The food was excellent, and daintily served.
"I am proud of my blue and white enamel-ware," Miss Thorne told Bob;
"it's so much better than tin or this ugly gray. And that glass pitcher
I got with coupons from the coffee packages."
"You didn't get these with coupons?" said Bob, lifting one of the
massive silver forks.
"No," she admitted. "That is my one foolishness. All the rest does not
matter, but I can't get along without my silver."
"And a great nuisance it is to those who have to move as we move," put
in Ashley Thorne.
The forest officers took up their broken conversation. Bob found himself
a silent but willing listener. He heard discussion of policies, business
dealings, plans that widened the horizon of what the Forest had meant to
him. In these discussions the girl took an active and intelligent part.

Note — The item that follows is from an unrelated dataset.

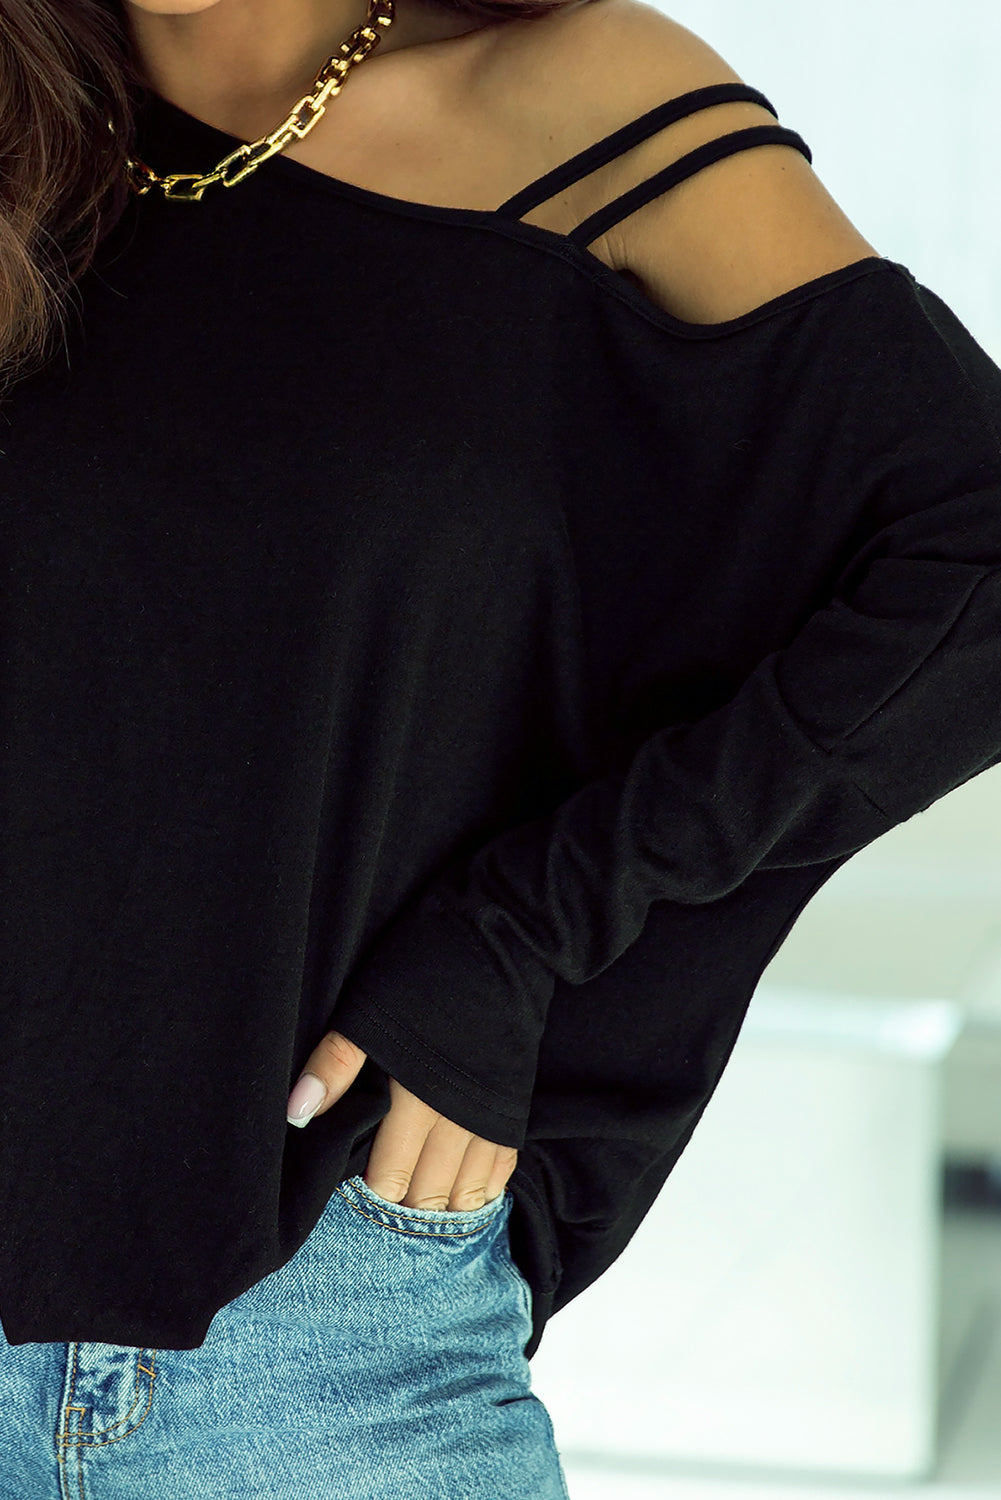 Crna majica s dugim rukavima s asimetričnim remenima i hladnim ramenima

Her opinion seemed to be accepted seriously by both the men, as one who
had knowledge, and indeed, her grasp of details seemed as comprehensive
as that of the men themselves.
Finally Thorne pushed his chair back and began to fill his pipe.
The girl ran over rapidly a half-dozen names, sketching briefly the
business they had brought. Then, one after the other, she told the
answers she had made to them. This one had been given blanks, forms and
instructions. That one had been told clearly that he was in the wrong,
and must amend his ways. The other had been advised but tentatively, and
informed that he must see the Supervisor personally. To each of these
Thorne responded by a brief nod, puffing, meanwhile, on his pipe.
Thorne turned to California John in discussion of the Francotti affair.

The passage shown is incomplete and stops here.